The **unsupervised learning** is a machine learning task that aims to describe the associations and patterns in relation to a set of input variables. The fundamental difference from supervised learning is that input data has no class labels, so it has no variables to predict and rather tries to *find data structures by their relationship*.

In unsupervised learning, we can speak of two stages: *modeling* and *profiting*.

In the *modeling phase*, we take the input data and proceed to apply techniques of *feature selection* or *feature extraction*. Once we define the most convenient variables, we proceed to choose the best method of unsupervised learning to solve the problem at hand.

After choosing the method, we proceed to build the model and execute an iterative tuning process until we are satisfied with the results. In contrast to supervised learning, in which the model value is derived mostly from prediction, in unsupervised learning, the findings obtained during the modeling phase could be enough to fulfill the purpose, in which case, the process would stop. For example, if the objective is to make a customer group, once done, the modeling phase will have an idea of the existing groups, and that could be the goal of the analysis.

Assuming that the model was subsequently used, there is a second stage, which is when we have the model and want to exploit it again. We will receive new data and use the model that we built to run on them and get results.

Below are some examples of *unsupervised learning* models

- Clustering analysis
- Association rules

**Preprocessing and standardization of data**

**Identifying groups (clustering analysis)** can uncover and help to explain some patterns hiding in data and it is frequently the answer for multiple problems in many industries or contexts. Finding clusters can help to find relationships between study variables, but not the relations that these variables may have in relation to a target variable.

Typically, the application of clustering techniques involves five phases

- Developing a working dataset.
- Preprocessing and standardization of data.
- Finding clusters in the data.
- Interpreting those clusters, and finding conclusions.

In fact, when data is good, the construction of models that will respond to our problems becomes easier. Considering that clustering models work with distances, they are especially influenced by the data that we use.

**Rescaling data.** Whichever model we use will assume different things about the data. In the case of clustering models, it is very important that data, from the different numerical variables, expressed on a similar scale. When distances are calculated, if the units are very different, we cannot get proper results. For example, if we are doing an analysis related to a group of people and we have, among other data, the dollar income and age of the subjects, a variable such as income could overshadow the age variable. For analysis, 20 years of age may be more important than a $10,000 income. However, when compared both by measure of distances, a clustering model might underestimate the importance of age.

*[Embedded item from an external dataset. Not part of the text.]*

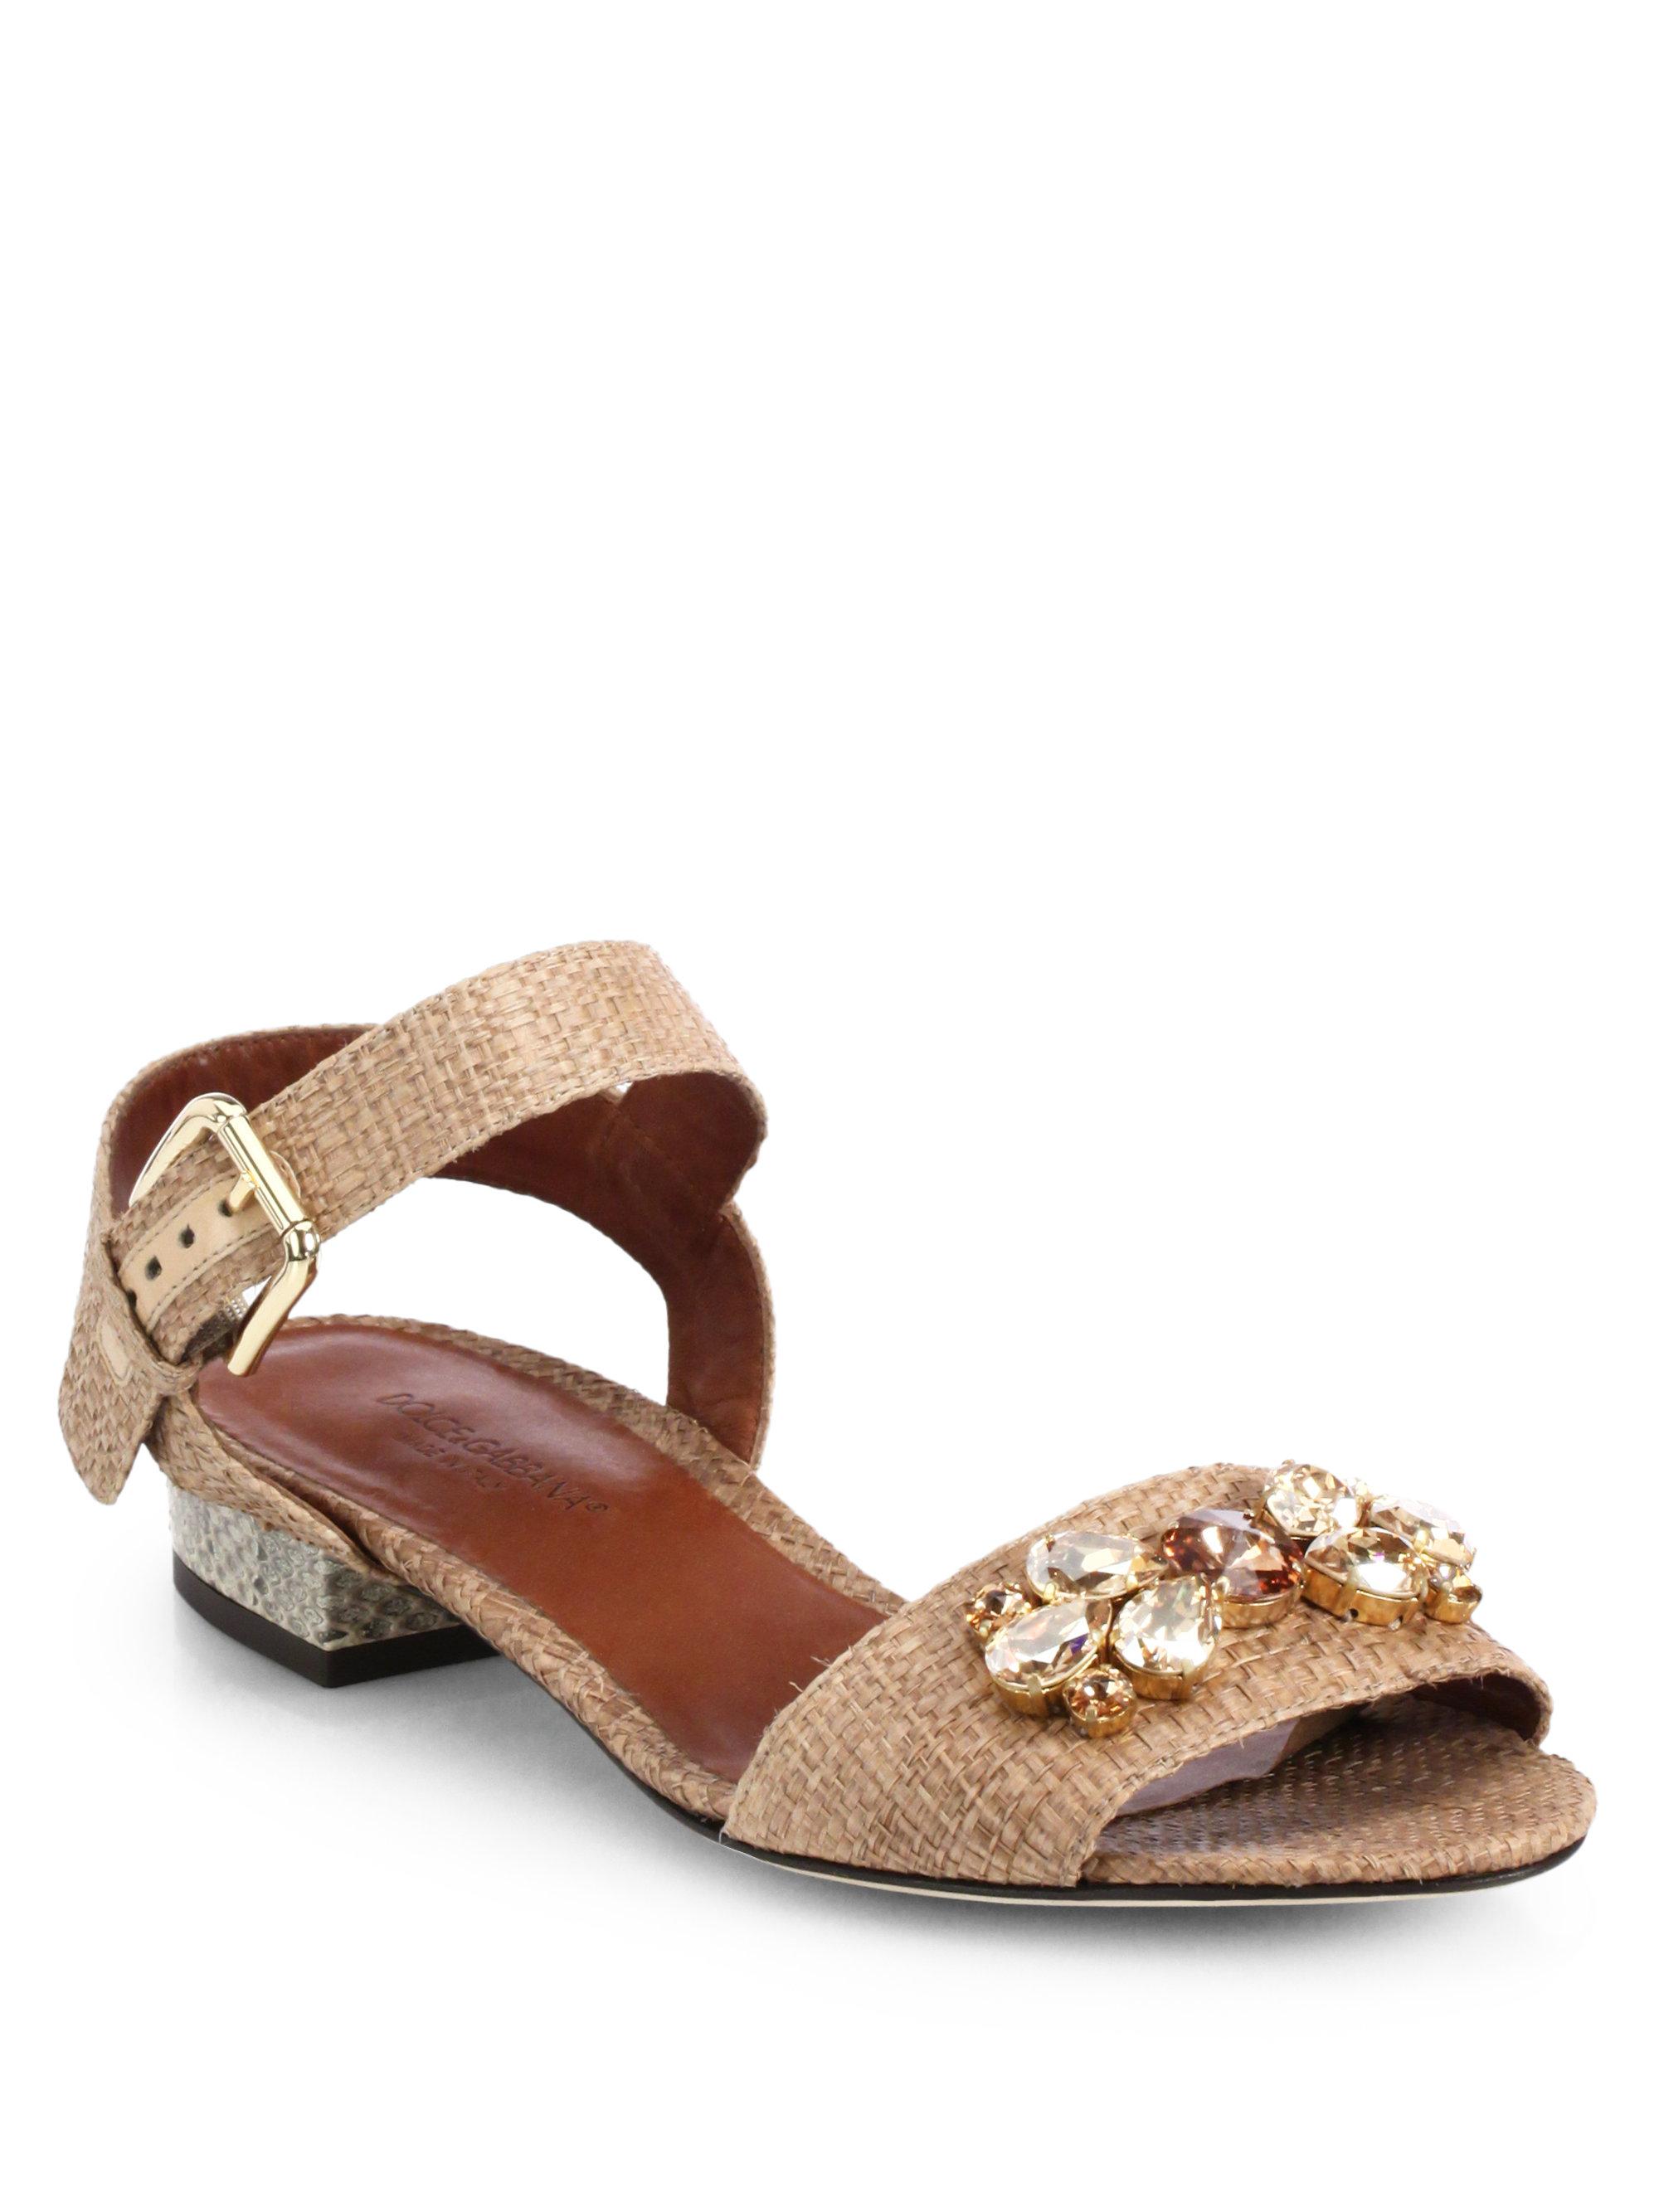 801b5c81847d Lyst - Dolce   Gabbana Jeweled Raffia Snakeskin Sandals in Brown

In order to mitigate the problem of the scale of the data, we can use methods of standardization. The standardization is the process of adjusting the data to a specific range, for example, between 0 and 1 or between –1 and 1.

There are several techniques for normalization

- recenter
- scale between 0 and 1
- median/MAD

The **recenter** performs a standard *z-score* transformation. The variable’s mean value is subtracted from each value and each one is then divided by the standard deviation. The resulting variable will have a mean of 0 and a standard deviation of 1.

After transformation, the variables are not expressed in their original scales, for example, age no longer displays a number of years. To make it interesting while performing a test, we can confirm that the transformation does not affect the relationship between the variables:

ages = sample(12:100, 20, replace=T) incomes = sample(500:10000, 20, replace=T) data = cbind(ages, incomes) scaled = scale(data) # comparing correlations # data before transformation cor(data) # data after transformation cor(scaled)

Another method for make transformation is the **Scale [0-1]**: just rescale the original values into the 0 - 1 range. This is done by subtracting the minimum value from the variable’s value for each observation and, then, dividing by the difference between the minimum and the maximum values.

If we want to implement this transformation method, we can use the reshape package, in particular the rescaler function

# install.packages("reshape") library("reshape") scaled = rescaler(data, "range") head(scaled)

**Median/MAD** is a robust version of the standard recenter transform. The median value is subtracted from each value, and each is then divided by the median absolute deviation. The resulting variable will have a median of 0.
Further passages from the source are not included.